La Crosse - The River City
Origins
As the real estate agents say, it's "location, location, location." La Crosse was able to develop into one of Wisconsin’s largest cities because of a favorable conjunction of geographical facts. First is the breadth of fairly level ground between the river channel and the bluffs. It is wider here than in most places on the Wisconsin side of the Mississippi and, although divided by the La Crosse River and extensive wetlands, the prairie had room for a city to grow.
The Mississippi River did its part by making a bend in front of the prairie and scouring a channel deep enough for riverboats to safely navigate. The deep channel was protected by wetlands and wooded islands that made La Crosse a natural harbor.
Rivers flowing into the Mississippi also helped. The Black River, with its pine-laden banks winding one-hundred-fifty miles into the state, entered the Mississippi a few miles upstream and ran in a side channel parallel to the main river. Logs could be easily floated down to mills built on the Black River channel, especially after 1865, when lumberman Cadwallader Washburn and his partners diverted the Black away from its ancient marshy outlet and into the cleared channel that flowed past La Crosse.
A few years before Washburn "improved" the Black, in 1857-58,
the builders of one of the first two railroads to cross Wisconsin used
the reasonably flat La Crosse River Valley to skirt the hills and vales
of the Driftless Zone to reach the Mississippi. Had the La Crosse River
not flowed to La Crosse city, neither would the tracks and all the development
they brought with them.
The prairie, the Mississippi, the Black and the La Crosse, all came together
to create a favorable location, location, location, for a city.
Prairie La Crosse
The name of the city is derived from the traditional Native American ball and stick game we know as lacrosse. Since it was not unusual for hundreds of players and spectators to participate, the wide prairie at La Crosse was a favorite playing field for the Sioux and other tribes. French visitors saw the game and called it la crosse because the bent stick with webbing attached used to catch and hurl the ball resembled le crozier, the stylized shepherd's staff of the Roman Catholic bishop. The wide field on the river became known as Prairie La Crosse and more than one pre-settlement river traveler reported on its popularity as a playing field.
City Founder
The prairie prefix was dropped by the first American settler and postmaster, Nathan Myrick.
A New York native, eighteen-year-old Myrick came west to Galena, Illinois in 1841. He traveled to Prairie du Chien, where he formed a partnership with a frontiersman named Eben Weld who had recently returned from a horseback trip upriver.
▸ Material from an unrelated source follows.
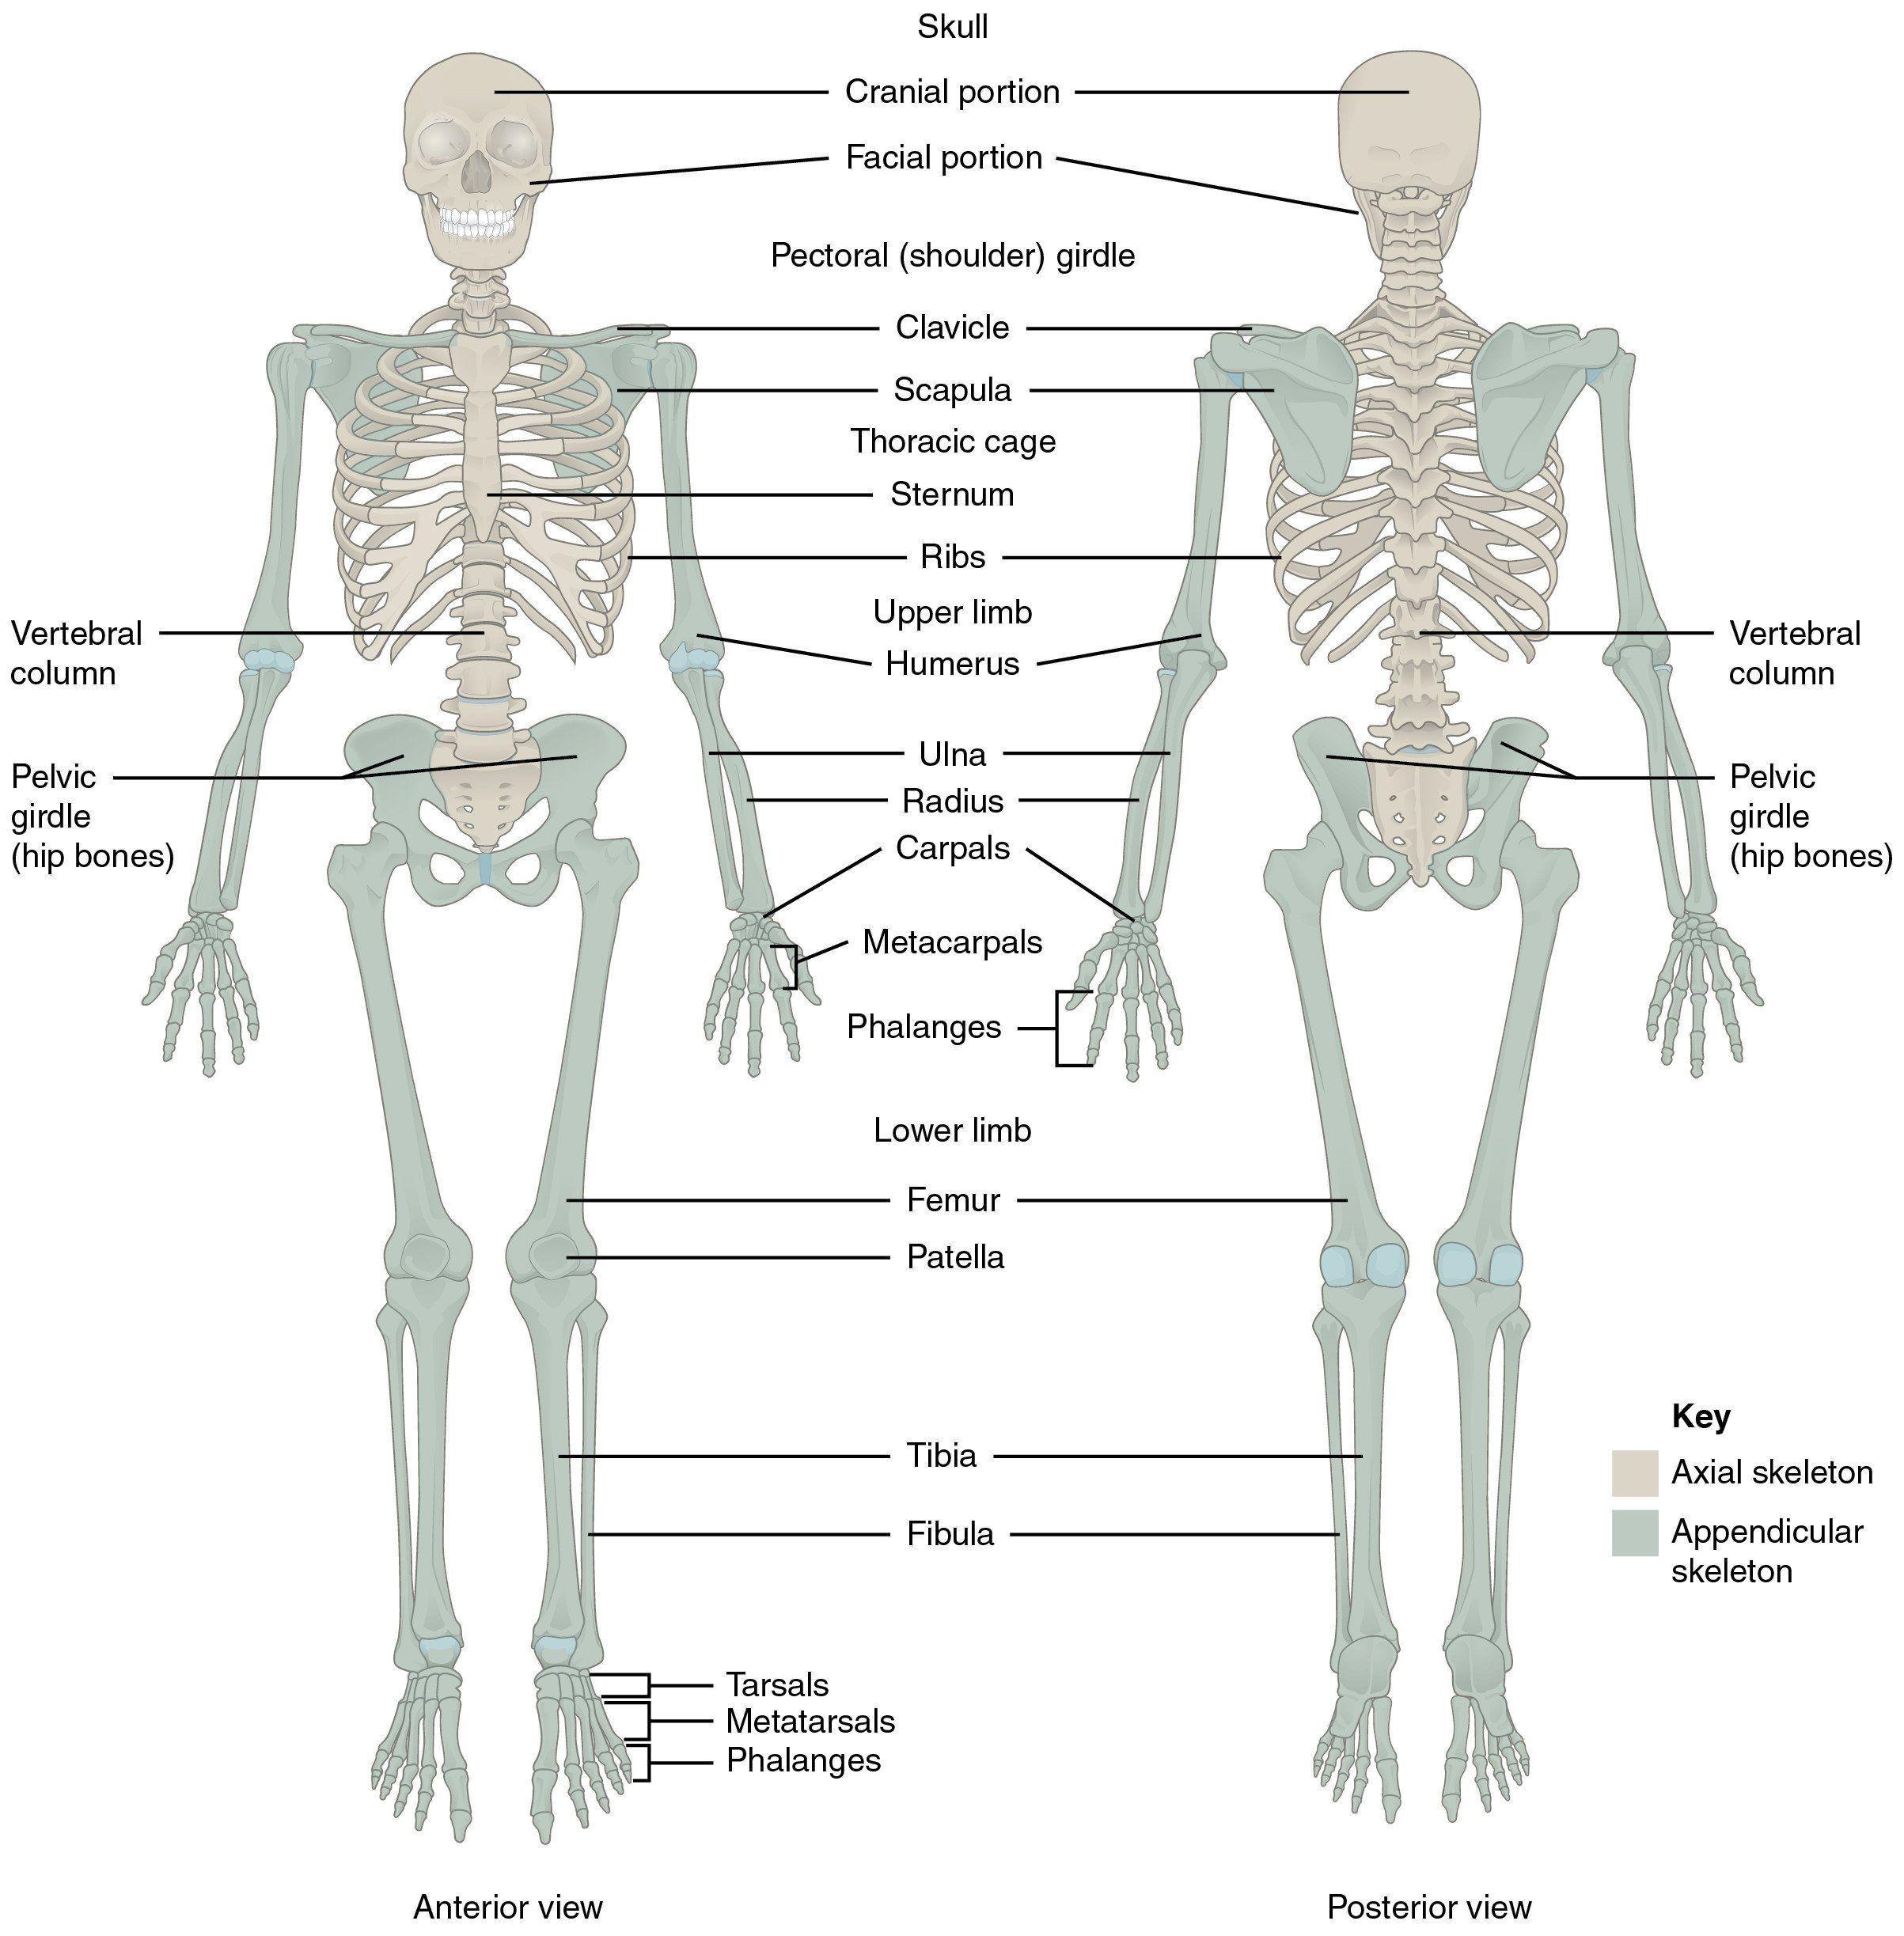 30 Math Coloring Worksheets 4th Grade Carolinaaac Net In 2020 Anatomy Bones Skeletal System Anatomy Human Bones Anatomy

Weld thought that prairie la crosse would be a good place for a post to trade with the Indians. The partners acquired trade goods, borrowed a United States government keelboat, poled upstream and, after five days, arrived at prairie la crosse. Since the prairie was devoid of trees, Myrick and Weld crossed over to wooded Barron's Island, built a log shack and set up a trading bench. They were ready when the Indians returned from a treaty annuity payment session in Minnesota, pouches filled with silver coins. The traders did well and decided to spend the winter, but in better quarters and on the mainland.
They felled trees on the island, skidded them across the ice, and built a trading post and dwellings. They were able to obtain milled boards from a lumber raft headed downstream to fashion a roof and furnishings. Sited on what became the corner of State and Front Streets, the Myrick-Weld cabins were the first American buildings in La Crosse.
Weld moved on in 1842, but Myrick stayed to make a home on the riverfront prairie. In the summer of 1843, he returned to New York where he met Rebecca Ismon. They were married at her family's home in Vermont and immediately set out for Wisconsin. The trading post the Myricks returned to was a busy little place, with Indians, traders, loggers and settlers moving up and down the rivers. Among the loggers was a crew of Mormons headed up the Black River to cut pine timbers for their new temple on the Mississippi at Nauvoo, Ill. When the Mormons were forced to abandon Nauvoo in 1844, one group fled upriver and settled about five miles south of La Crosse in the valley that became known as Mormon Coulee.
Myrick became the leading citizen in La Crosse. On his own and in partnerships he purchased the property that became the heart of the city and, along with Harmon Miller and Timothy Burns, filed the first village plat in 1851. He was named postmaster in 1843 and was elected county commissioner. He fared less well in personal and business affairs. The Indian trade was dying out and an investment in Black River logging failed. Rebecca gave birth to their first child in 1844, but the boy died soon after. Twins were born in 1847 and survived, but Myrick soon decided that La Crosse was no longer the right place for him. Still an Indian trader at heart, he moved to St. Paul, Minn. in 1848 and developed an extensive trading company in Minnesota and the Dakotas. He held onto much of his downtown real estate and occasionally visited the La Crosse, but no longer played a significant role there.